Directions: Read the information carefully and answer the following questions.…

2023

Directions: Read the information carefully and answer the following questions.
A cube of side P cm is placed inside the sphere of radius R cm in such a way that sphere touches all the vertex of the cube. A cone of radius √3R cm and height H cm has volume 4950 cm3.

Find the ratio of the total surface area of the sphere to the lateral surface area of the cube.

  1. A.

    33: 17

  2. B.

    33: 19

  3. C.

    31: 17

  4. D.

    33: 14

  5. E.

    29: 17

Show answer & explanation

Correct answer: D

Concept: When a cube is inscribed in a sphere so that the sphere passes through every vertex, the cube's space diagonal equals the sphere's diameter.
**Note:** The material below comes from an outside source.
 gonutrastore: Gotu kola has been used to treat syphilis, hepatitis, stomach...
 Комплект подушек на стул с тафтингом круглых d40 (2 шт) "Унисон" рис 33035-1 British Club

For a cube of side P this space diagonal is P√3, so P√3 = 2R. The total surface area of a sphere is 4πR2, and the lateral (curved) surface area of a cube is the area of its 4 side faces, 4P2.

Application:

  1. From the inscribed condition P√3 = 2R, square both sides: 3P2 = 4R2, so P2 = 4R2/3.

  2. Required ratio = (TSA of sphere) : (LSA of cube) = 4πR2 : 4P2 = πR2 : P2.

  3. Substitute P2 = 4R2/3: ratio = πR2 ÷ (4R2/3) = 3π/4. The R2 cancels, so the ratio does not depend on the actual size.

  4. Take π = 22/7: ratio = 3 × (22/7) ÷ 4 = 66/28 = 33/14, i.e. 33 : 14.

Note: Since the options are exact ratios of whole numbers, take π = 22/7 (the standard convention for such questions); the exact ratio 3π/4 then becomes 33/14.

Cross-check: 33 : 14 ≈ 2.357, which matches 3π/4 ≈ 2.356 — consistent. The cone (radius √3R, volume 4950 cm3) is extra data meant for other parts of this question set and is not needed for the surface-area ratio.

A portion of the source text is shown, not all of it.